What you will do:
Would you output all the lines below precisely as they stand, leaving each picture out?

Information shown:
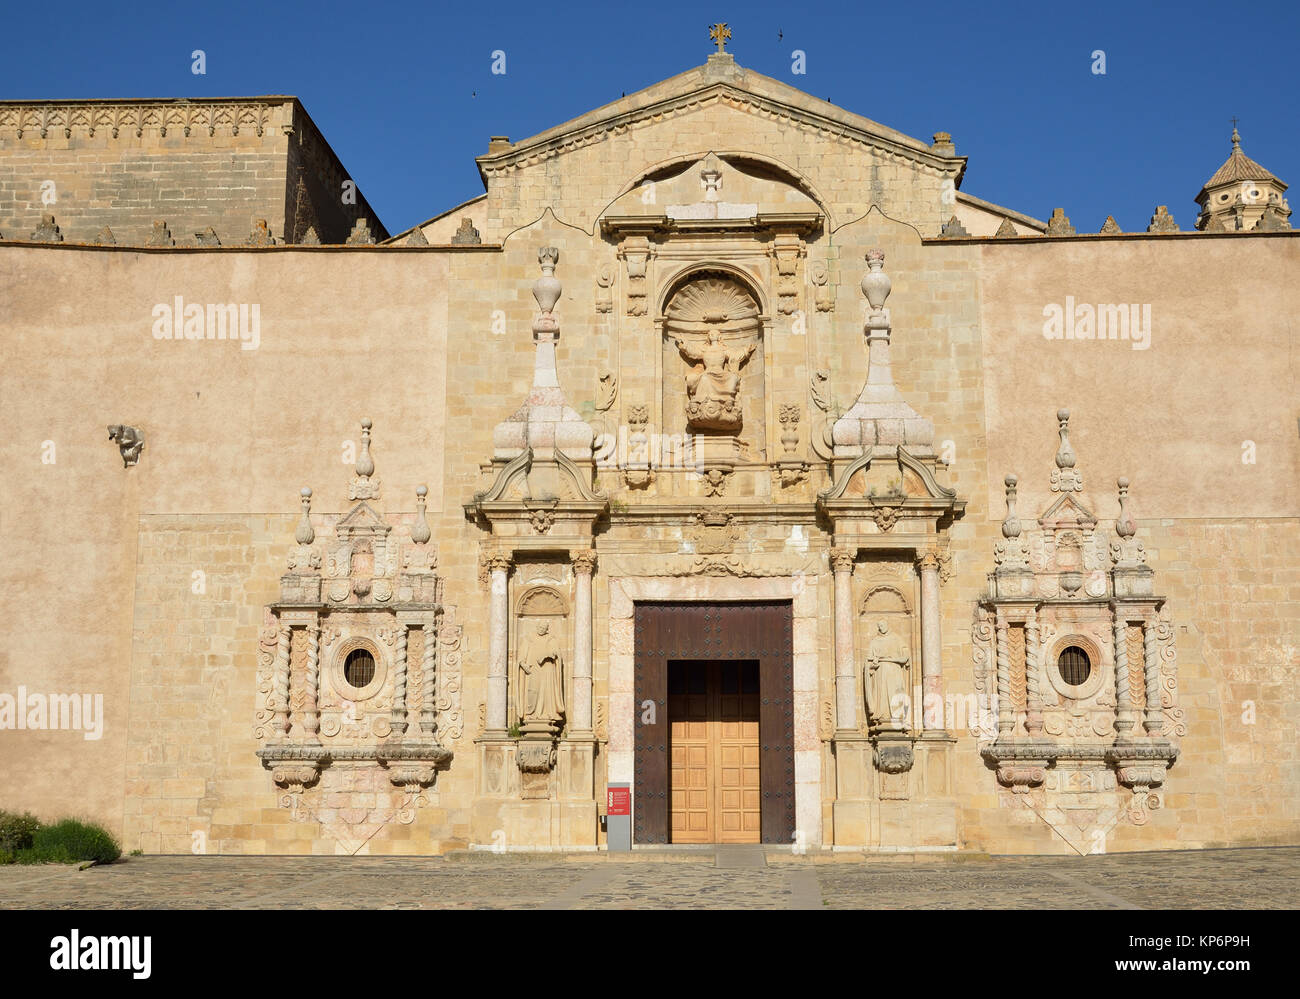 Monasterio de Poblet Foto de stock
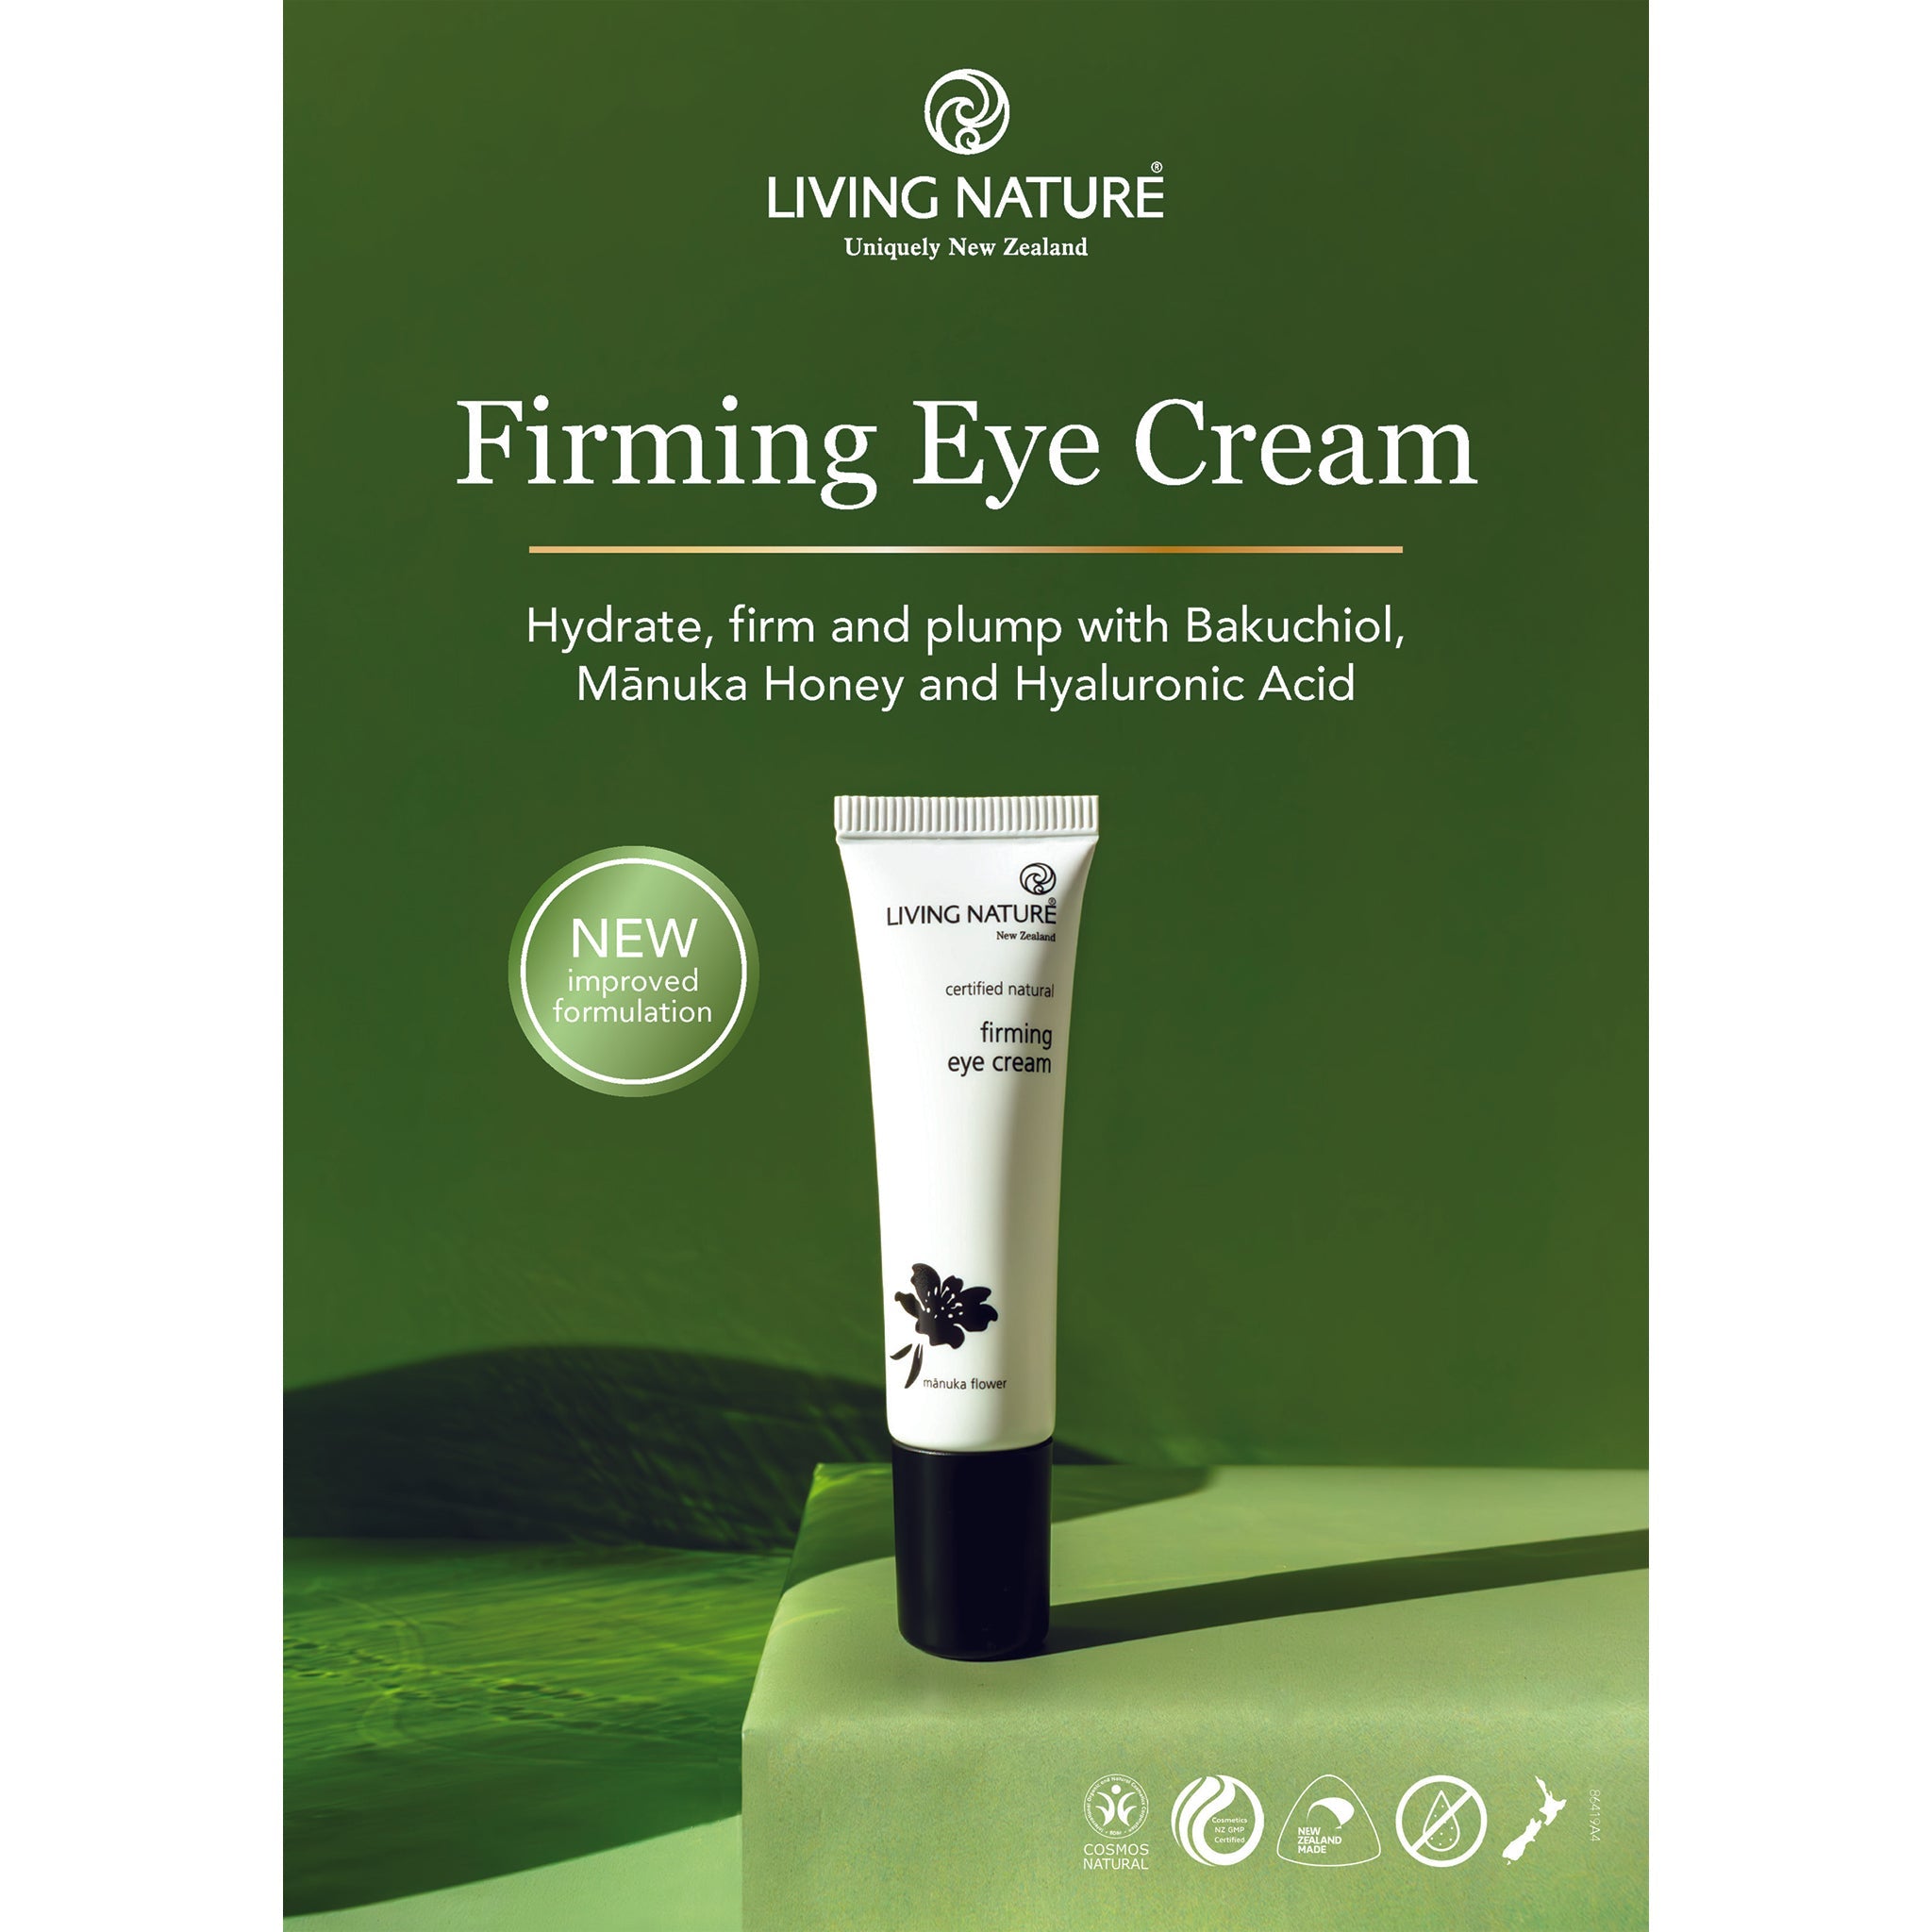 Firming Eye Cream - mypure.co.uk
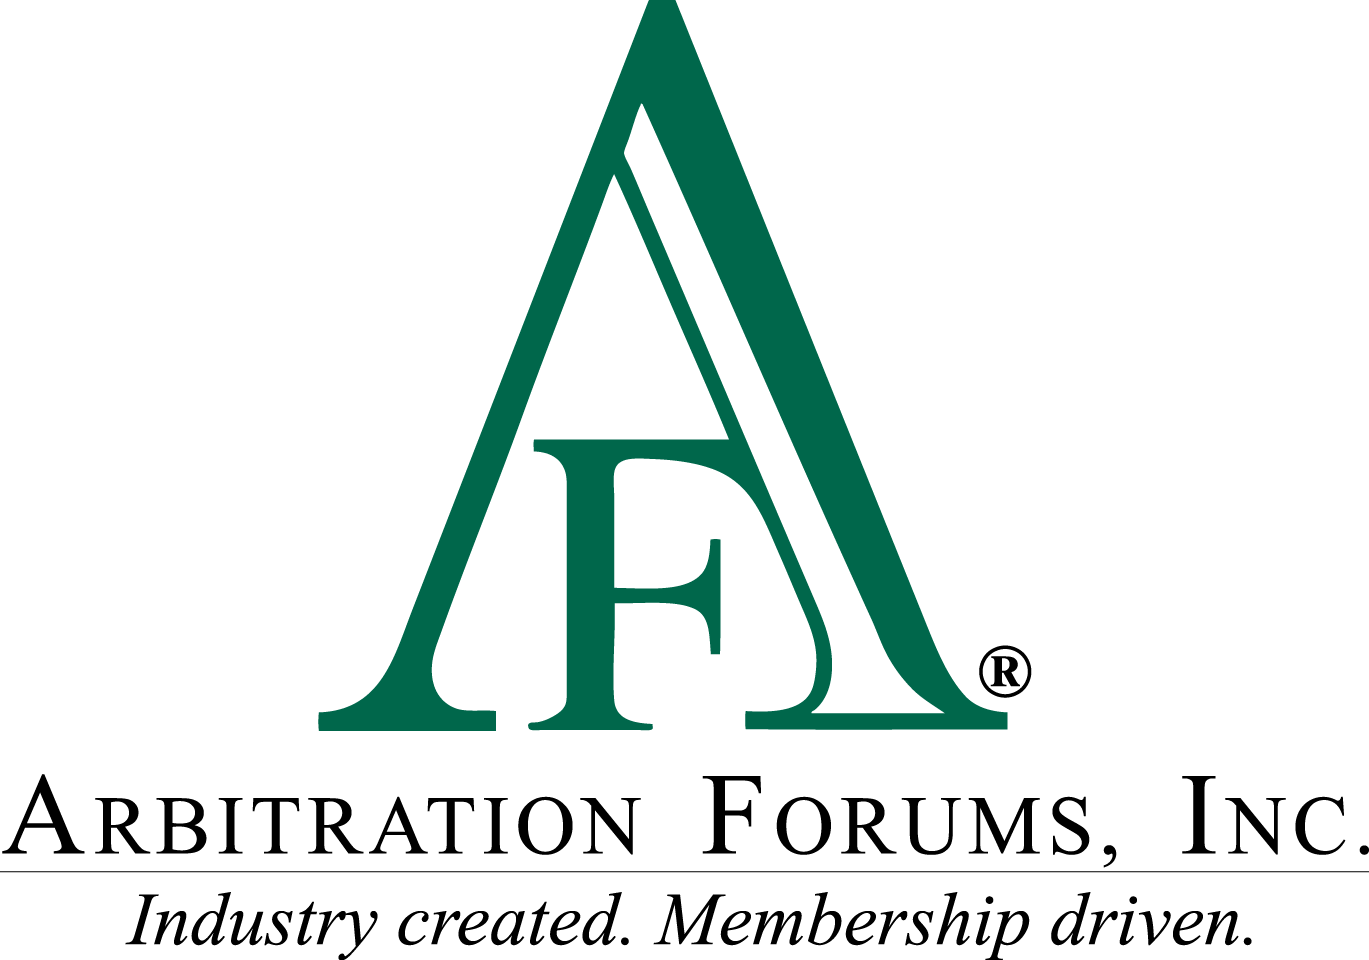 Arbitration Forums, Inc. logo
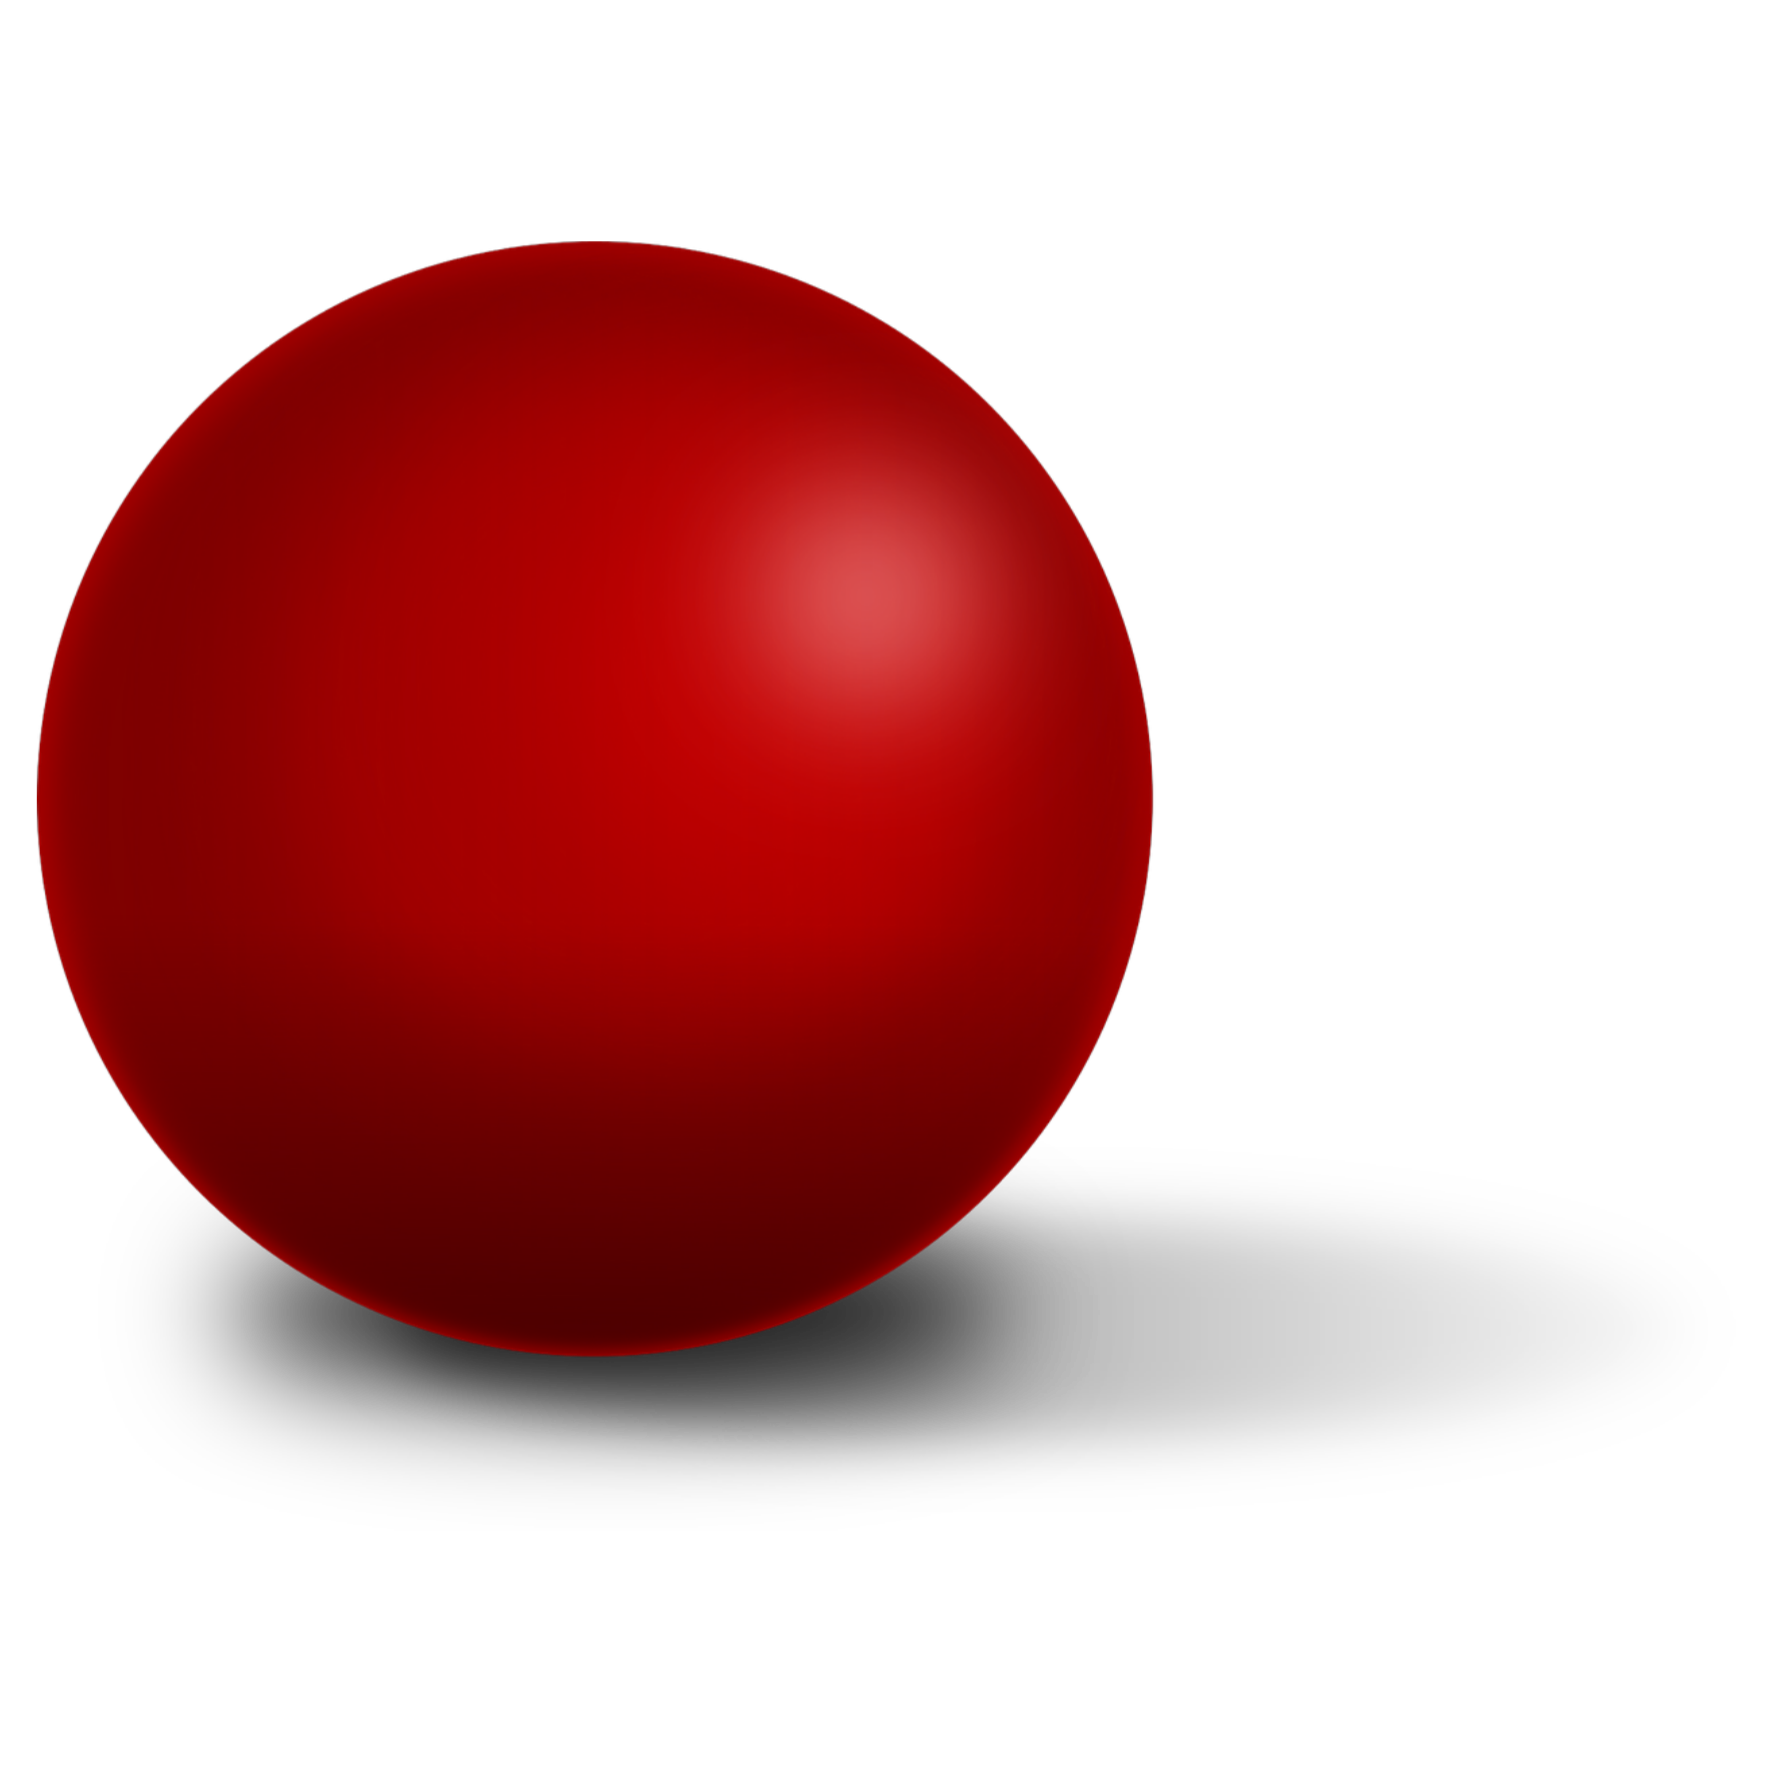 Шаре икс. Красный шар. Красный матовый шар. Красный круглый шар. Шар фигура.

Finished task:
 Monasterio de Poblet Foto de stock
 Firming Eye Cream - mypure.co.uk
 Arbitration Forums, Inc. logo
 Шаре икс. Красный шар. Красный матовый шар. Красный круглый шар. Шар фигура.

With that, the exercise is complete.